A Countercultural Commitment
In our anxiety-saturated society, embracing Sabbath is revolutionary—a countercultural declaration that we trust God’s sufficiency more than our own striving. When we embrace Sabbath, we declare our dependence on a sovereign God who neither slumbers nor sleeps. We shift our worth from productivity to community, recognizing we ourselves are cherished children of God. As we practice this counter-cultural rhythm of rest, we model a different way of being, one that points to the ultimate rest found only in Christ.
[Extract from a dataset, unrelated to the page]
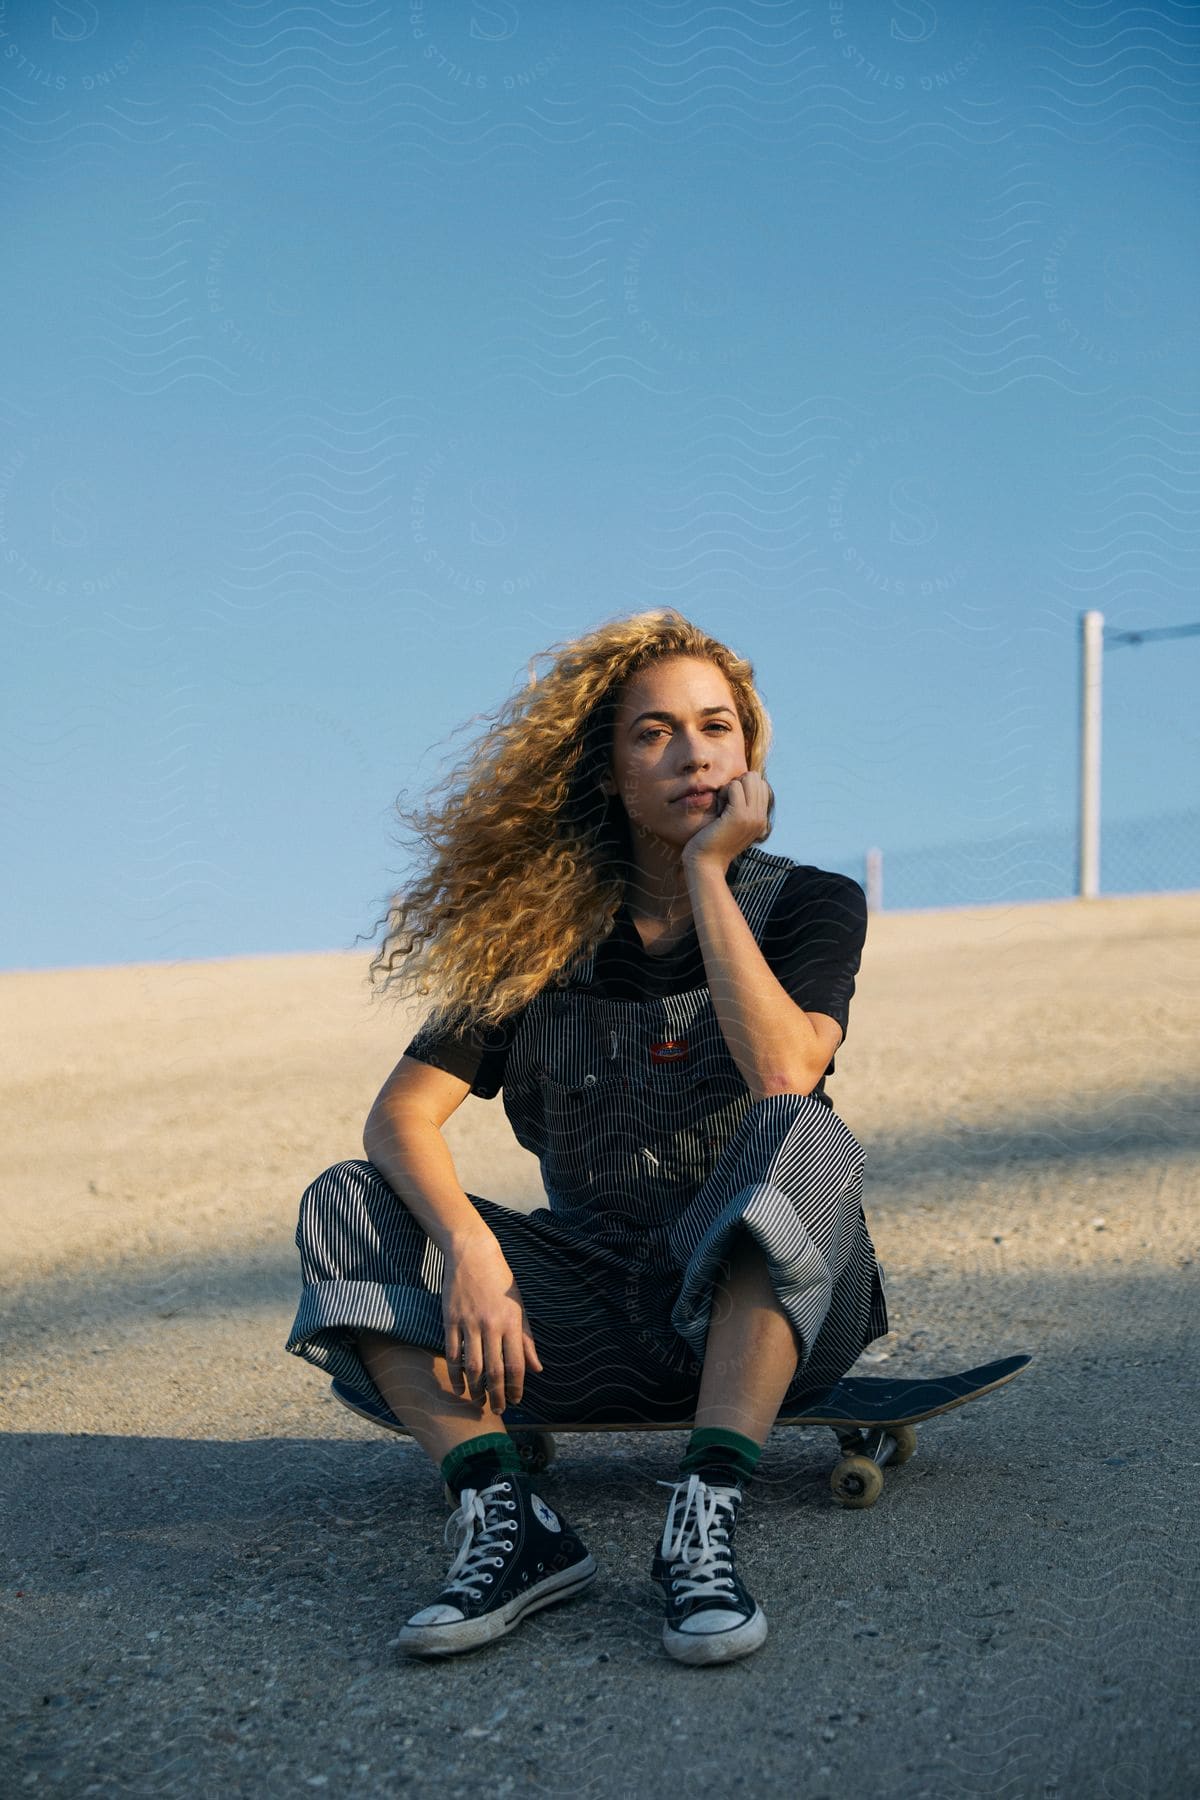 Teen girl skateboarder sits on skateboard chin on hand windblown curly hair black tshirt pinstripe overalls black converse hightops

As someone who has moved from Sabbath-breaking to Sabbath-embracing, I can testify that God’s command to rest is truly a gift. When we stop trying to be our own saviors and trust in God’s provision, we find the rest our souls so desperately need. In a world that never stops, maybe the most counter-cultural thing Christians can do is to regularly cease our striving and remember that the God who rested on the seventh day is waiting to meet us in the margin.
It is there—in the sacred margins we guard from invasion—that we discover the magnificent foretaste of our eternal inheritance: the soul-deep rest found only in Christ. The author of Hebrews connects Sabbath rest with our eternal hope: “There remains, then, a Sabbath-rest for the people of God” (Hebrews 4:9). When we practice weekly rest, we’re not just following a command—we’re rehearsing for eternity.
Mark Moore is teaching pastor with Christ’s Church of the Valley in Peoria, Arizona.